As a writer, I’ve produced over 3,000 articles about baseball cards, the card industry, and sometimes even Jose Canseco. At times, pieces simply wrote themselves. The words flowed and my hands magically moved across my keyboard with ease. Unfortunately, the past two weeks have been tough. Life is great but when it comes to #TheHobby, I just had absolutely nothing on my mind. My Twitter feed was as active as ever but I struggled to come up with new content. My trusty, worn out soapbox was gathering dust. Thankfully, inspiration hit me like a brick thanks to a Tweet:
This is definitely hobby desperation. pic.twitter.com/Xg136X5zJx
— CollectorEmpire.com (@autobilia) August 16, 2019
It took me a moment but once my eyes registered the image, I knew exactly what to write about. It was a product by TRISTAR that haunted my entire life as a collector in 2008 and left me with a bad taste I can still remember to this day. How bad was Tristar Signa Cuts? Well, I’d rather go on a private flight with Cory Lidle as my pilot or party with Jose Fernandez on a speed boat in Miami than to ever look at this abomination again. What’s even worse is that I actually spent money on not one but TWO of these monstrosities attempting to pass themselves off as “baseball cards”. I don’t just feel shame but actual disgust for throwing my hard-earned cash down the drain.
When it comes to Tristar Signa Cuts, I don’t even know where to begin. At one point, the company had sponsored my blog, Wax Heaven, and provided me with several products for review purposes. I was intrigued by their TNA Wrestling releases even though the cards felt incredibly cheap and the parallels looked like they had actual glitter on them, I kid you not. No Refractor technology, just glued on glitter. It was sad but they at least were making an effort and their unlicensed baseball products were not half-bad. Unfortunately, they took a major wrong turn with Signa Cuts and never recovered.
What’s so bad about Signa Cuts, you ask?
- Cutting up an old baseball card to make a new baseball card is a mortal sin
- Possibly the worst “autograph” checklist in the history of baseball cards
- Seemingly 75% of cuts came from “Junk Wax”-era cards
- Many of the “cuts” came from index cards!
I guess the real question is how much money went into this product? From the looks of it, they just bought huge eBay lots of in-person, non-certified autographs and paid Beckett Media, a company that is no longer reputable in the grading game, money to slab their Frankenstein-like baseball cards. Were these cards certified by Beckett Media to be “authentic”? The answer is probably YES. Does a company trying to survive in a dying industry (print media) want to ruffle feathers of a manufacturer doing major business with them by calling out fakes? I DOUBT IT.
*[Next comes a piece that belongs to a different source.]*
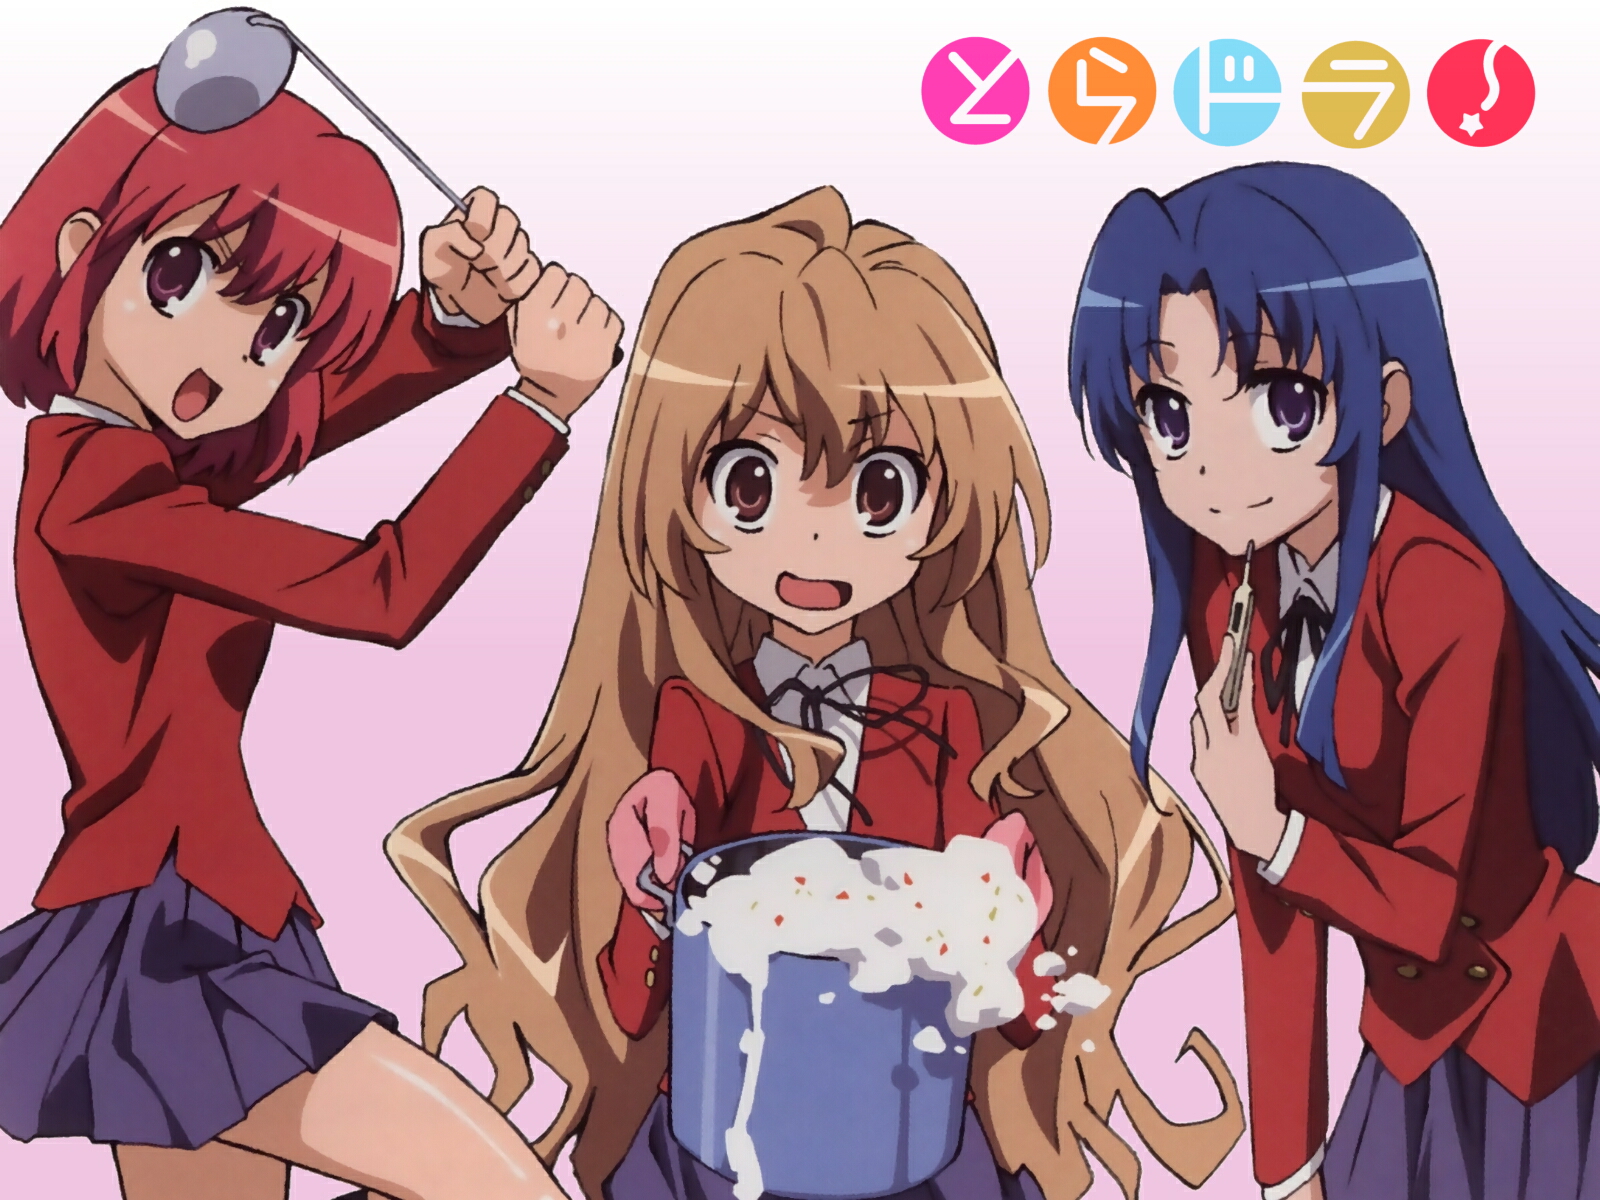 Toradora! anime characters, standing against a vibrant backdrop, radiating a captivating atmosphere.

My guess is 95% of those cut signatures are probably authentic but there’s a whole lot of wiggle room for forged and altered autographs that we may never know about. Clearly, most collectors could not care less because this product was pretty much DOA from the moment it hit card shops. It was at least until tonight, never to be seen or discussed again. I stopped collecting in 2009 but made a small comeback in 2017 only to see that Tristar had left the trading card business. All I can say to that is, T-H-A-N-K Y-O-U.
Looks like TRISTAR is responsible for those awful Hidden Treasures boxes you see at Walmart that gives you a chance for a Babe Ruth signed baseball but leaves you with a Mike Gallego auto and a kick in the nuts.
The more things change, the more they stay the same.
5 thoughts on “When Life Gives You TRISTAR, Dip It In Glitter”
Couldn’t agree more. I immediately though of a post I wrote a few years ago. Then I continued reading and stumbled across that Steve Sax and was like blown away. I have the silver glitter version of that card and I used it in that post I was talking about:
Great minds think alike… right?
These are very bad, although as a fan of Tim Carroll I have nothing against cutting up baseball cards!
When I grow up, I want to be able to write like you! You’ve just been killin’ it lately, nobody’s safe from your keyboard. And for the record, TriStar is s***. Cut autographs suck, and those repack boxes blow. Also, not being one to ever buy any of these cut autos, I hadn’t been aware that Beckett had “authenticated” them… seems a little fishy if you ask me.